_Prompt_
Without the pictures, reproduce the entries below exactly.
━━━━━━━━
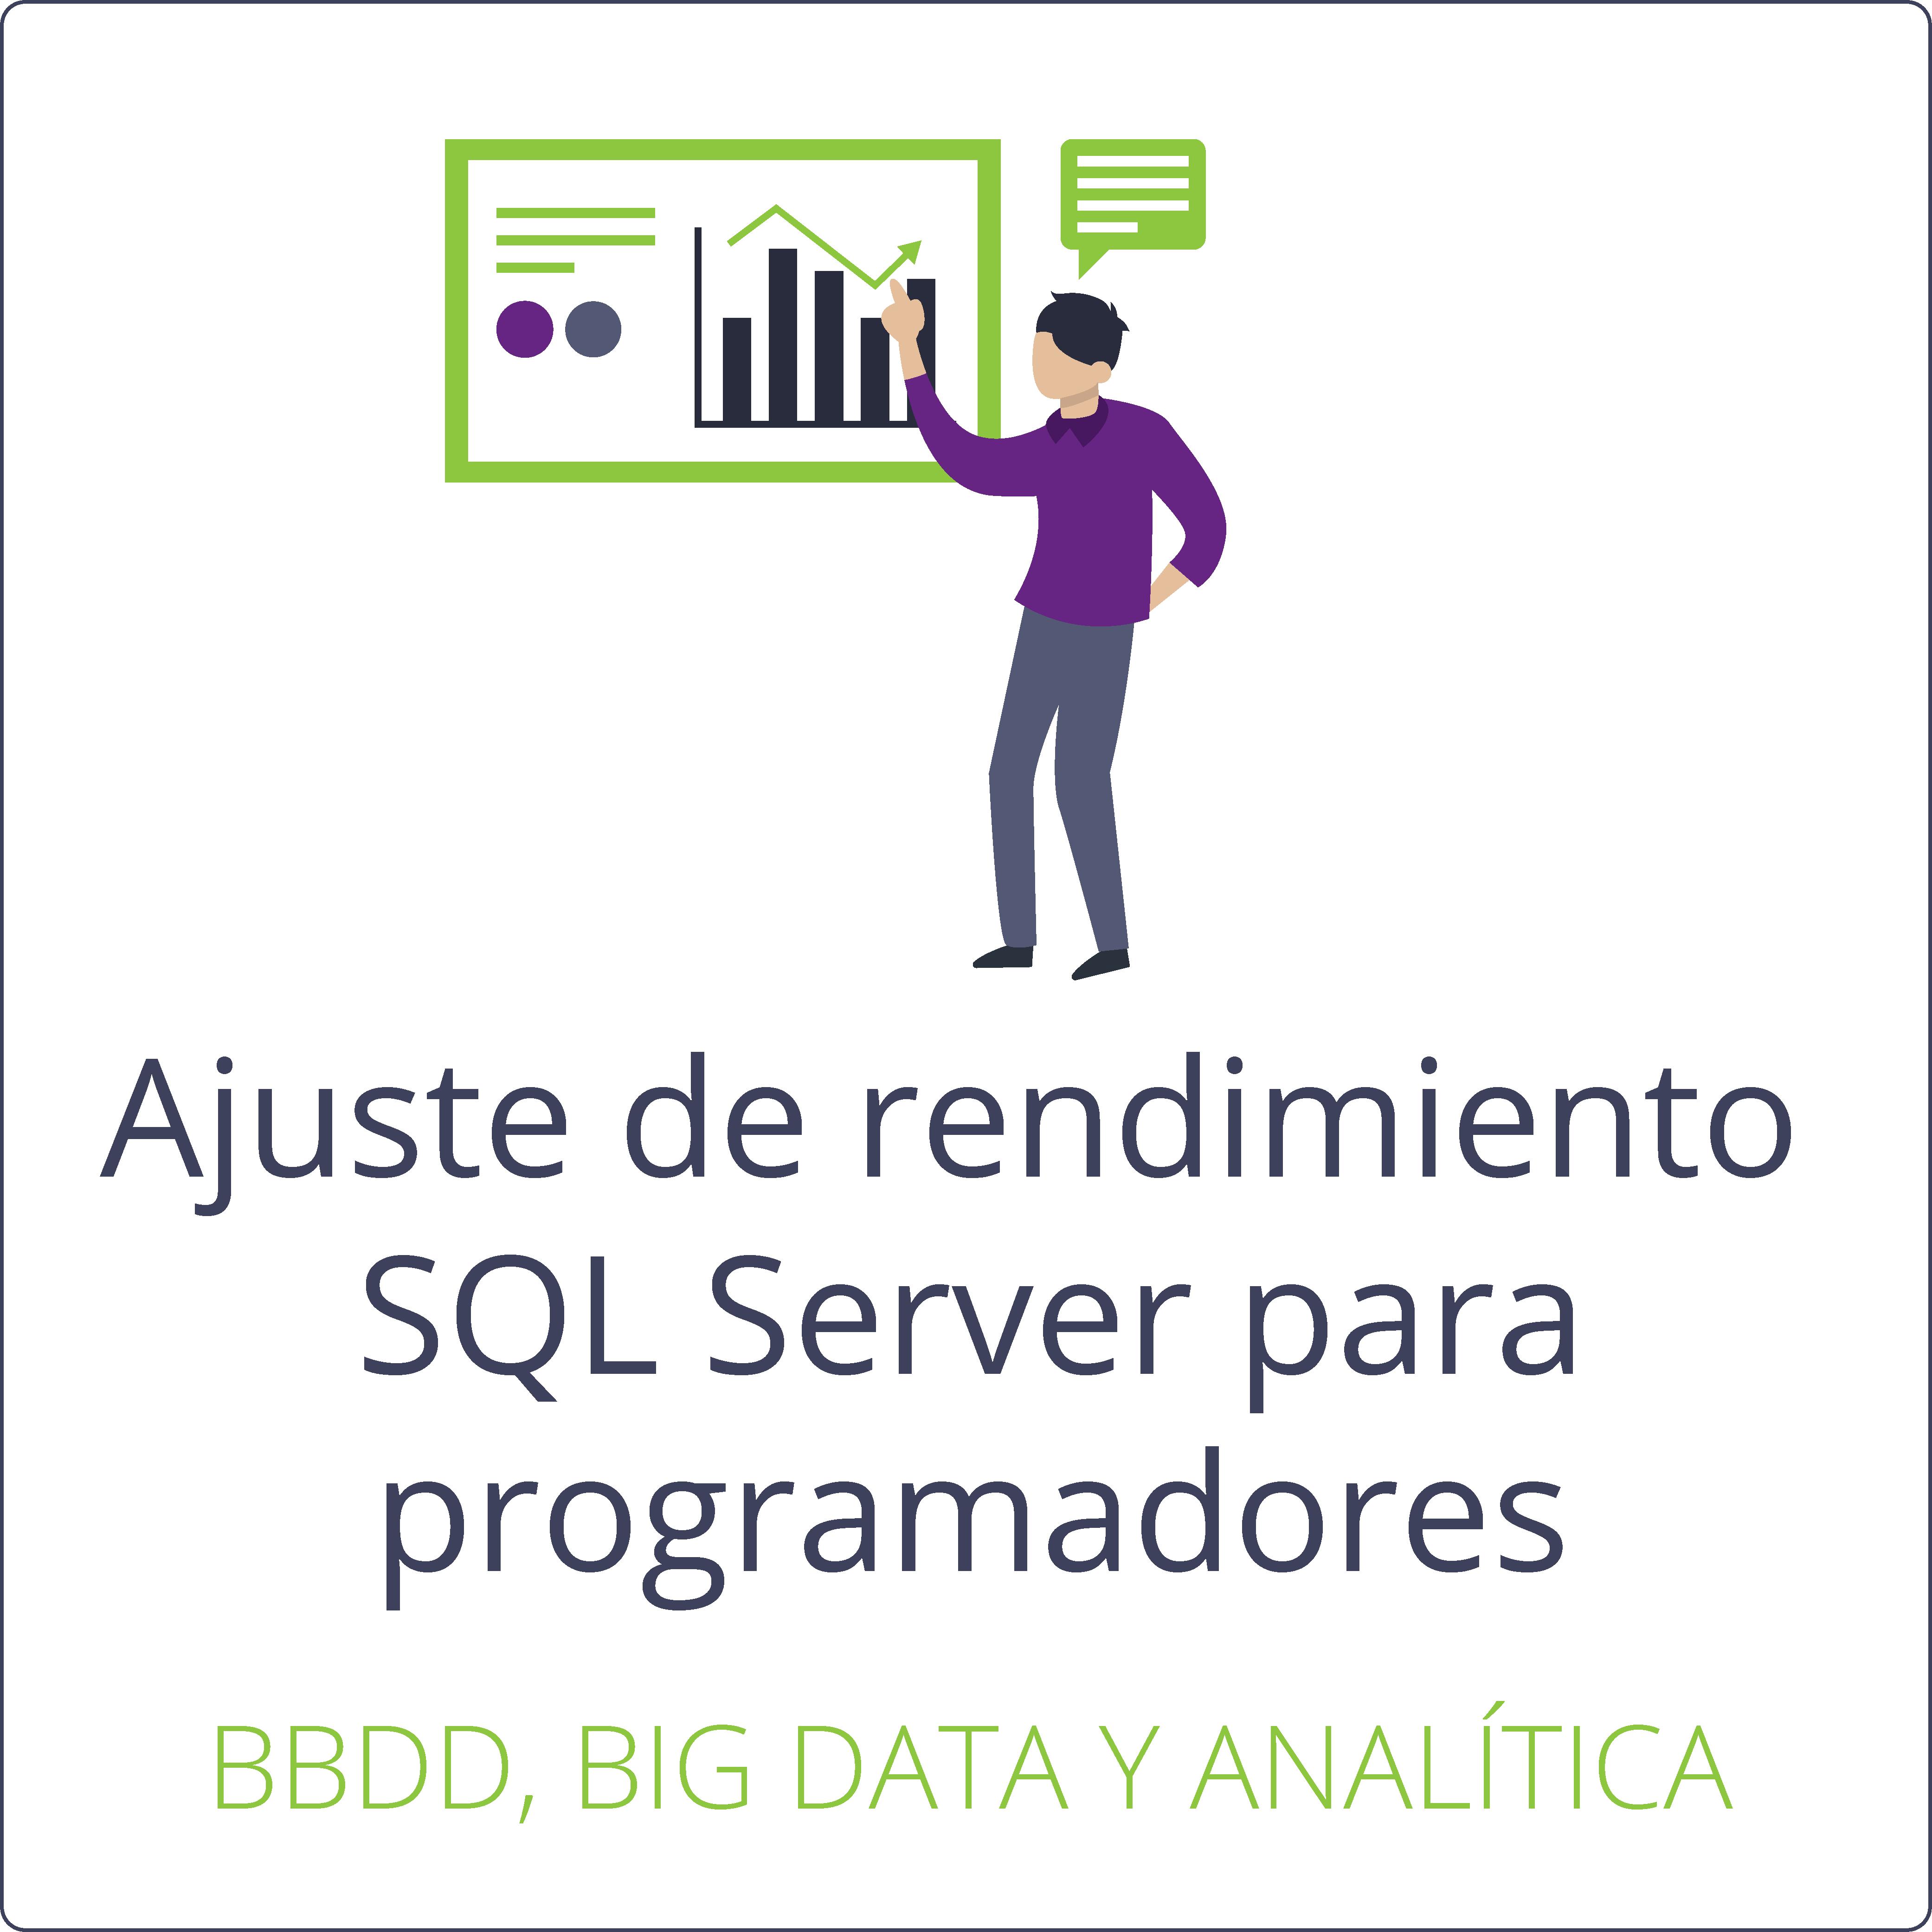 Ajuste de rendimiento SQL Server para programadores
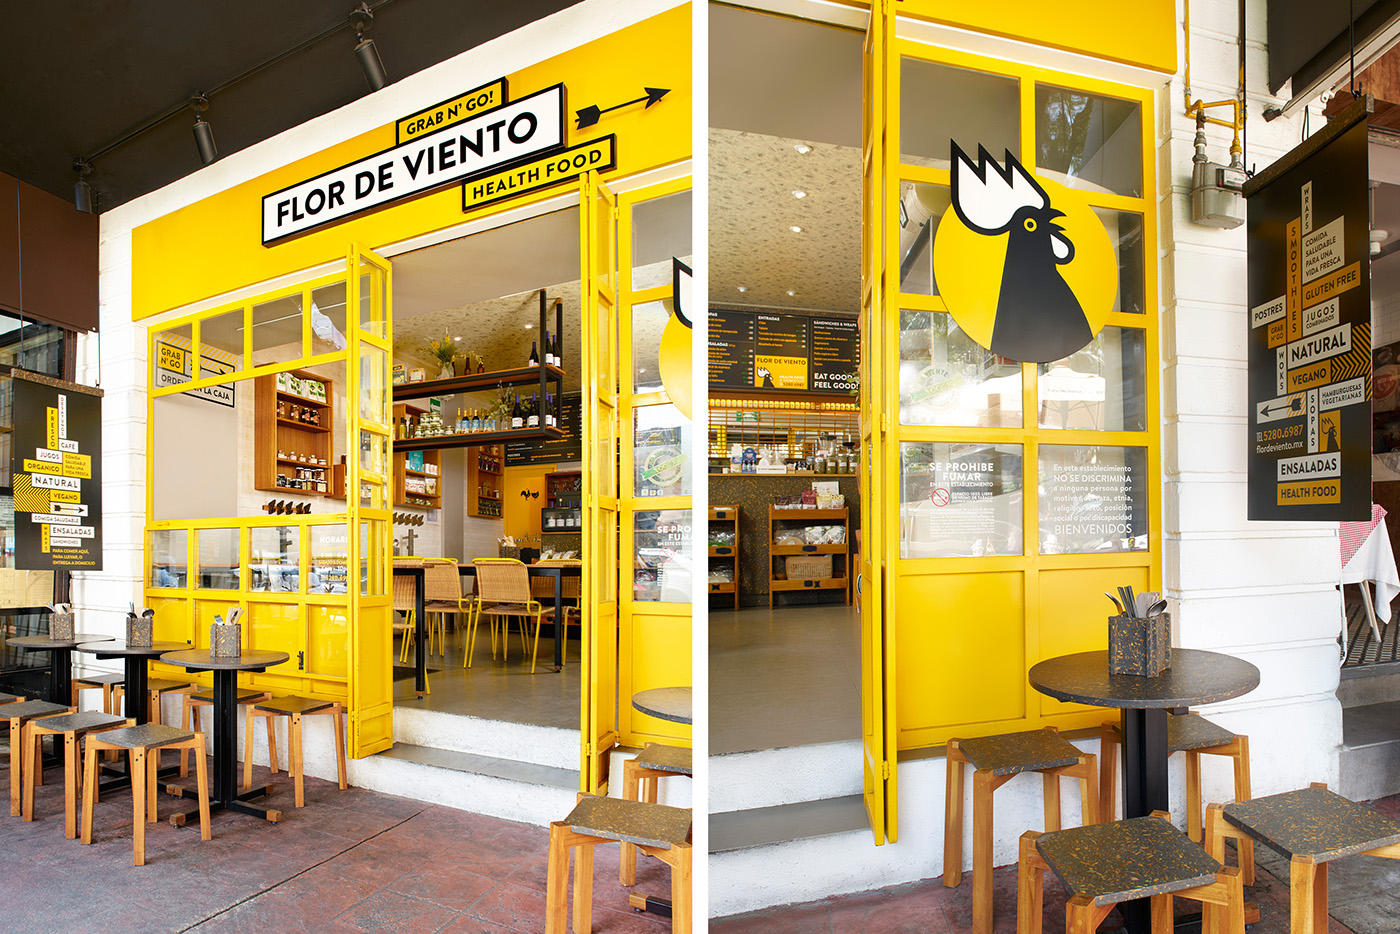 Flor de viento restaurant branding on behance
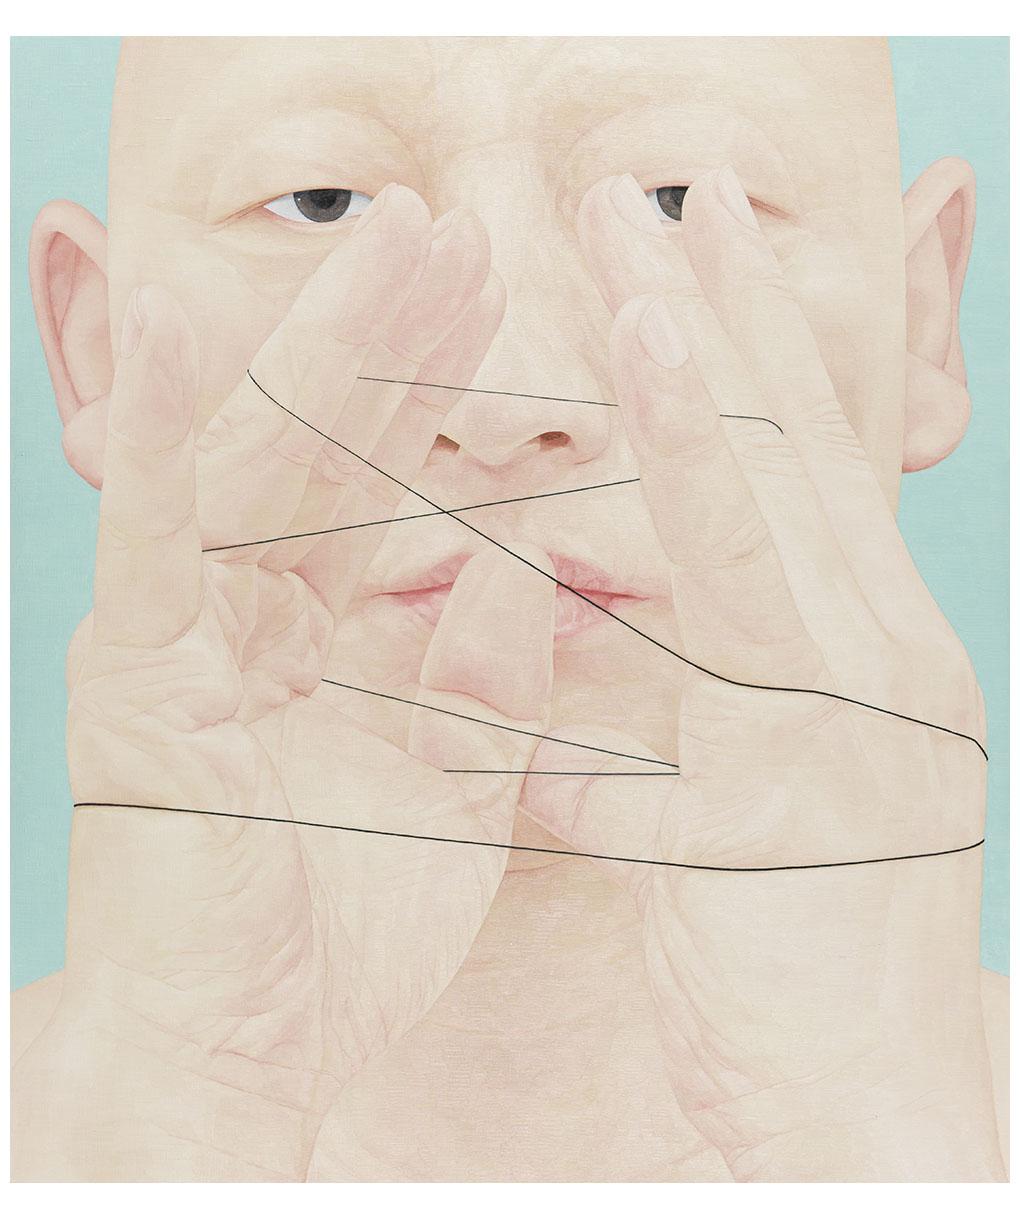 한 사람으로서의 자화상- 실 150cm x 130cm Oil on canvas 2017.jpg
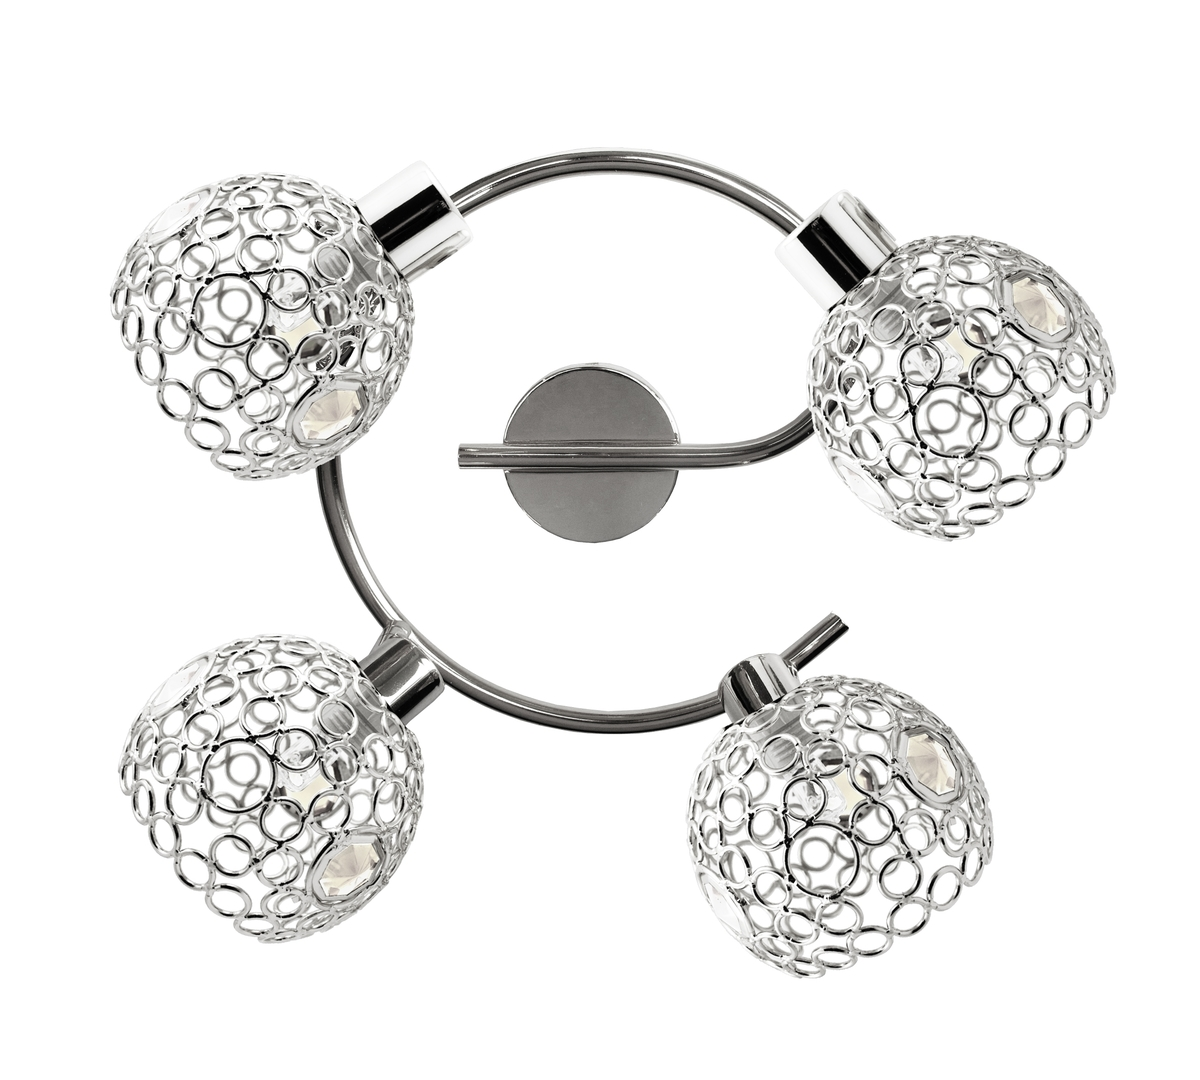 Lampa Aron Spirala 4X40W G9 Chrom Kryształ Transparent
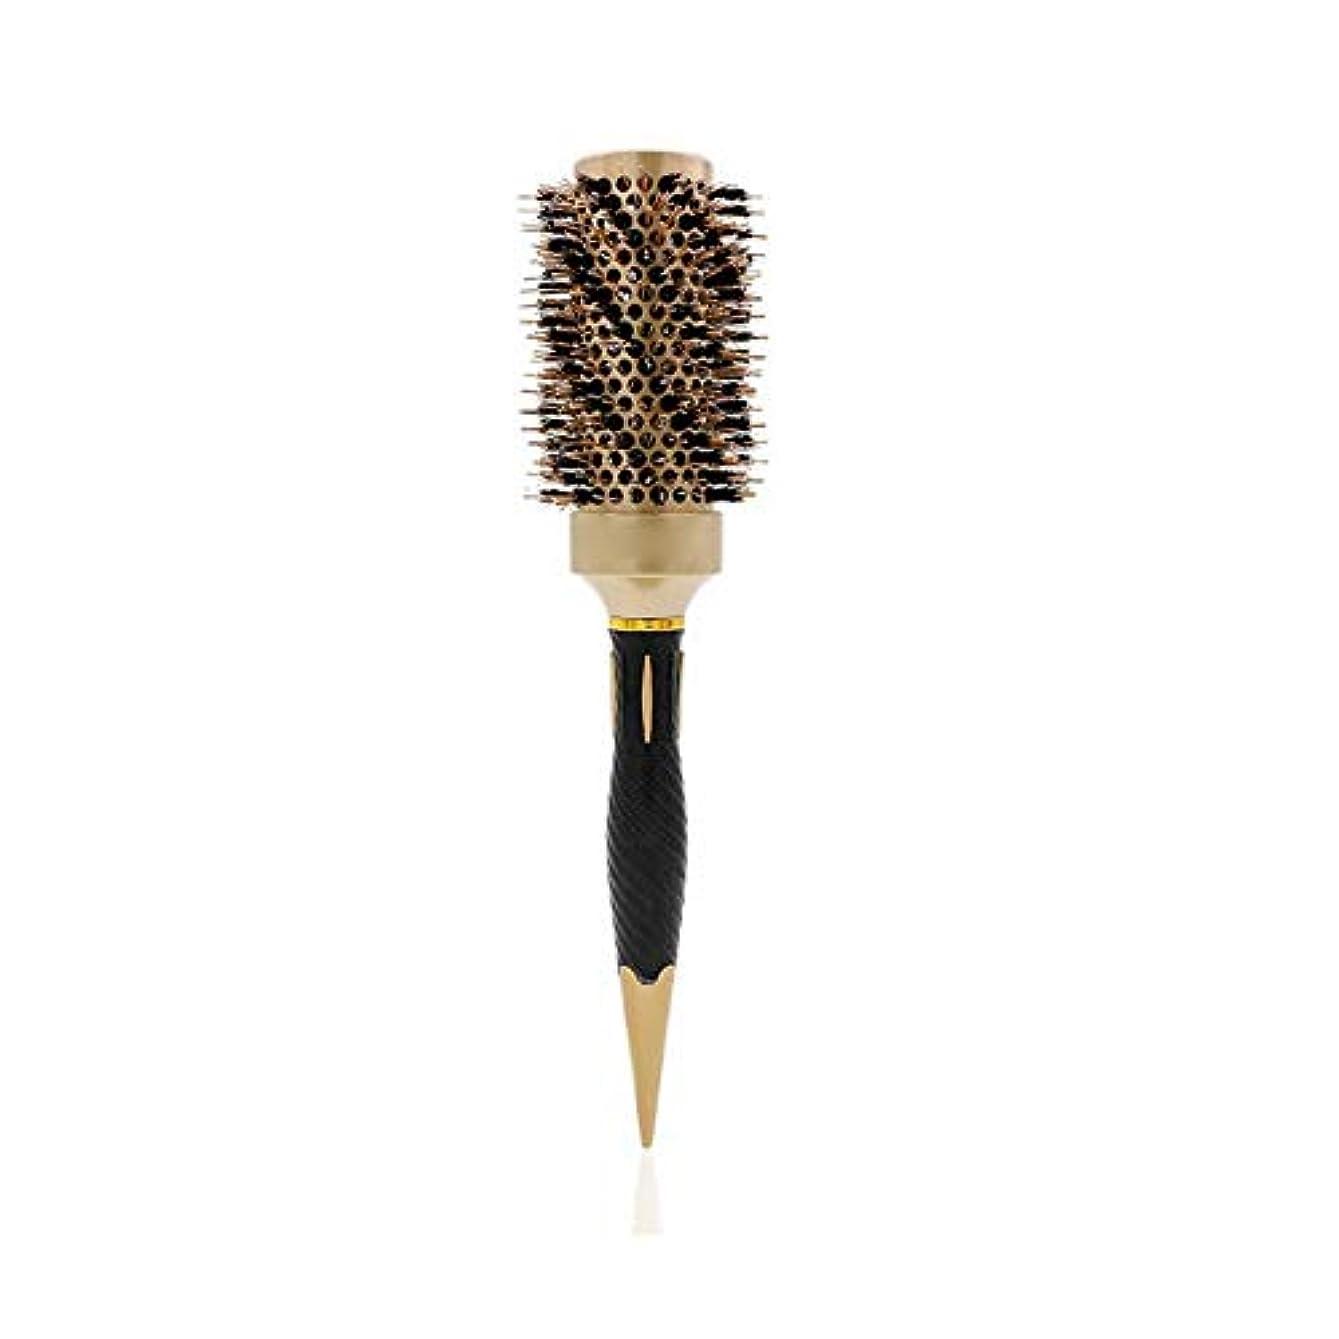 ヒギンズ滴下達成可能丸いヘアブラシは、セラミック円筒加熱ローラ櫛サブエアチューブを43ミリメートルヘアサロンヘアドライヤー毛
━━━━━━━━
_Response to the task_
 Ajuste de rendimiento SQL Server para programadores
 Flor de viento restaurant branding on behance
 한 사람으로서의 자화상- 실 150cm x 130cm Oil on canvas 2017.jpg
 Lampa Aron Spirala 4X40W G9 Chrom Kryształ Transparent
 ヒギンズ滴下達成可能丸いヘアブラシは、セラミック円筒加熱ローラ櫛サブエアチューブを43ミリメートルヘアサロンヘアドライヤー毛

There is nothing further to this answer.